The Narrow Life Experience of Supreme Court Justices
by Rob Morse
U.S.A. –-(AmmoLand.com)- I listened to the oral arguments in the case of New York State Rifle and Pistol Association versus Bruen. I found the judges on the US Supreme court both fascinating and frightening. To me, their questions showed the narrow life experiences of a supreme court judge. Before I commit the same error that these judges made, I must admit that the justices are not all the same, and their experiences are certainly different than mine.

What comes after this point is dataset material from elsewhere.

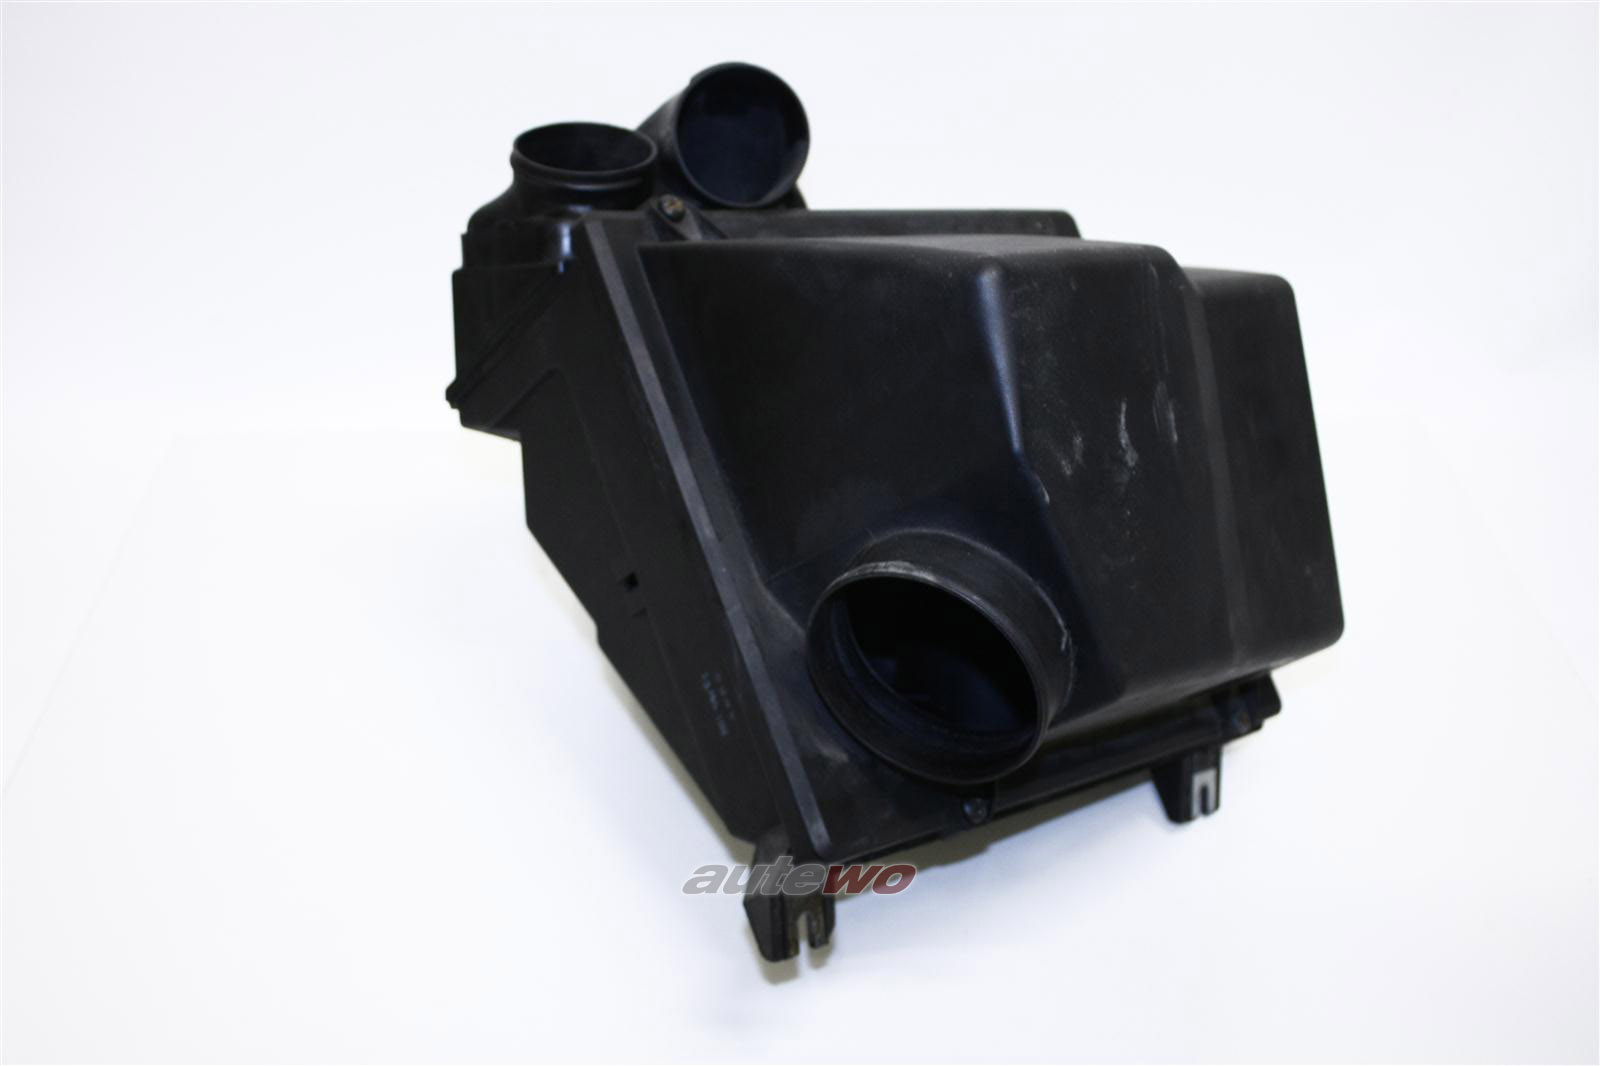 Audi A8 D2 2.8l 193PS 6 Zylinder Luftfilter Kasten 078133837AQ 078133837AR
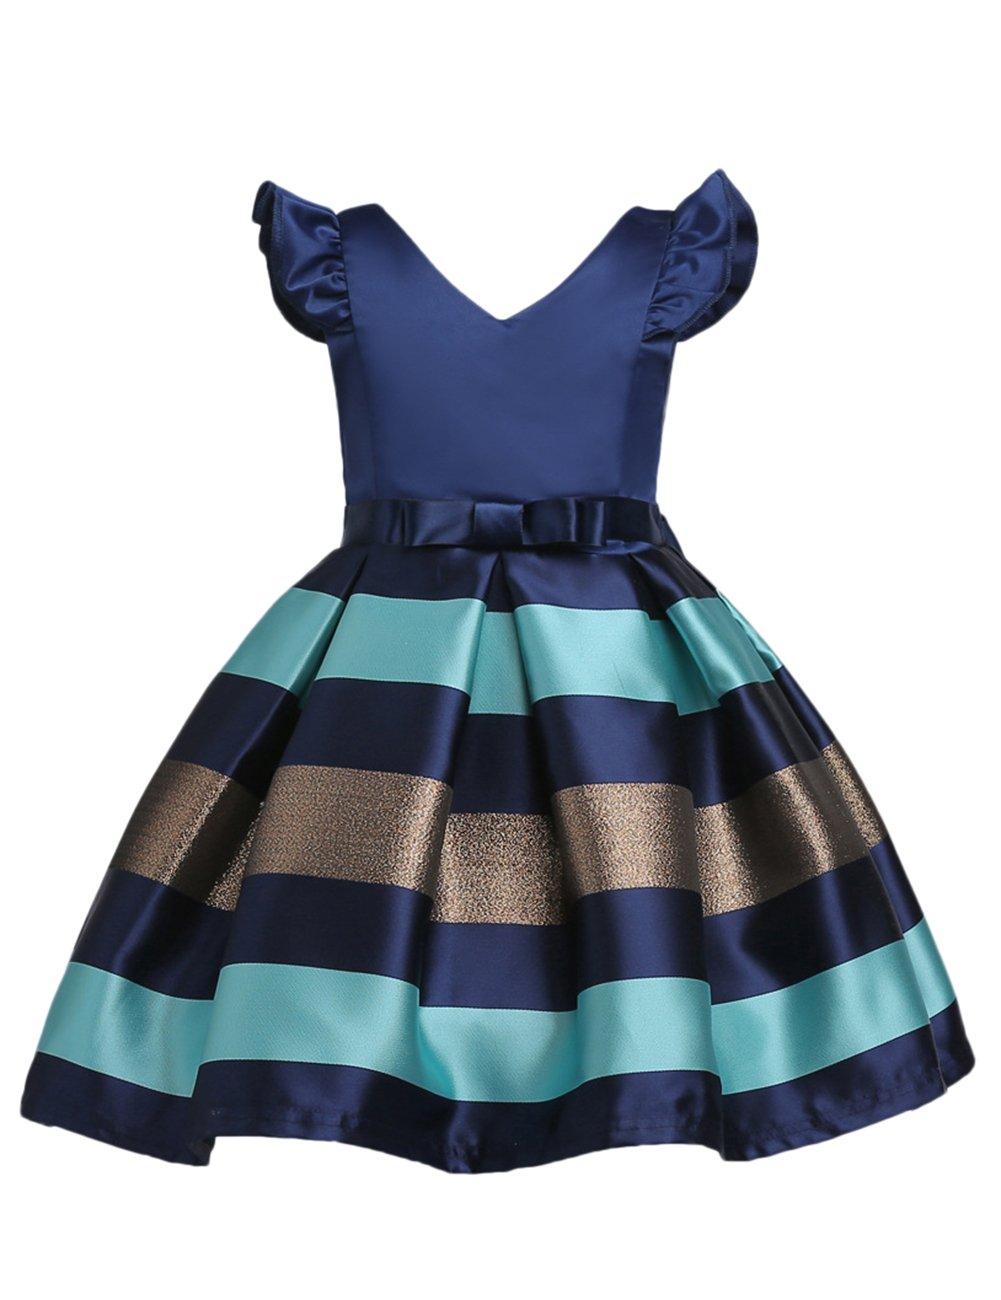 Gprince Girl Clothing Princess Dress Sleeveless Stripe V-shape Kids Party Gift

This particular legal case asks the court to decide if ordinary people can legally carry ordinary firearms in ordinary places. Time and again, the judges asked the petitioner’s counsel if he were asking that guns belong in extraordinary places. To take a few examples, the judge was implying that honest gun owners should be disarmed at schools, at public gatherings, on the subway, and at sporting events.
Lawyers want to restrict their arguments to the narrow question asked in the case. What I found fascinating were the judges’ assumptions.
The judge assumes that schools are safe and that guns should be outlawed there. I’ve studied our history and I know that schools are dangerous places where innocent children have been attacked. My experience may be unusual since I’ve worked to make schools safer with programs that trained school staff to be first responders, to stop an attack and treat the injured unto police and EMTs arrive.
My experience may be unusual since I know co-eds who were raped as they walked home from class late at night. They were disarmed because the campus was a “gun free zone”. No, the campus wasn’t a “gun free zone” to the rapist who brought his gun. It sounds as if the justices think that laws enforce themselves and that criminals obey our laws.
That isn’t my experience. My friends have a painful history to prove it. Evidently, that history and what we learned from it isn’t obvious to some supreme court judges.
One judge asked if the state could outlaw concealed carry at public gatherings like Times Square on New Year’s eve, or at bars and restaurants where alcohol is served. Again, I heard the question as a confession by the judges.
The judge thinks that restaurants and bars are made safe by ink on paper. If we’re going to outlaw guns, then wouldn’t bars be safer if we also outlawed carrying keys in a bar so we wouldn’t drive while intoxicated? I’m afraid the judge would say that we should outlaw keys in bars too. To me, it sounds as if the judge thinks we depend on laws to get home safely.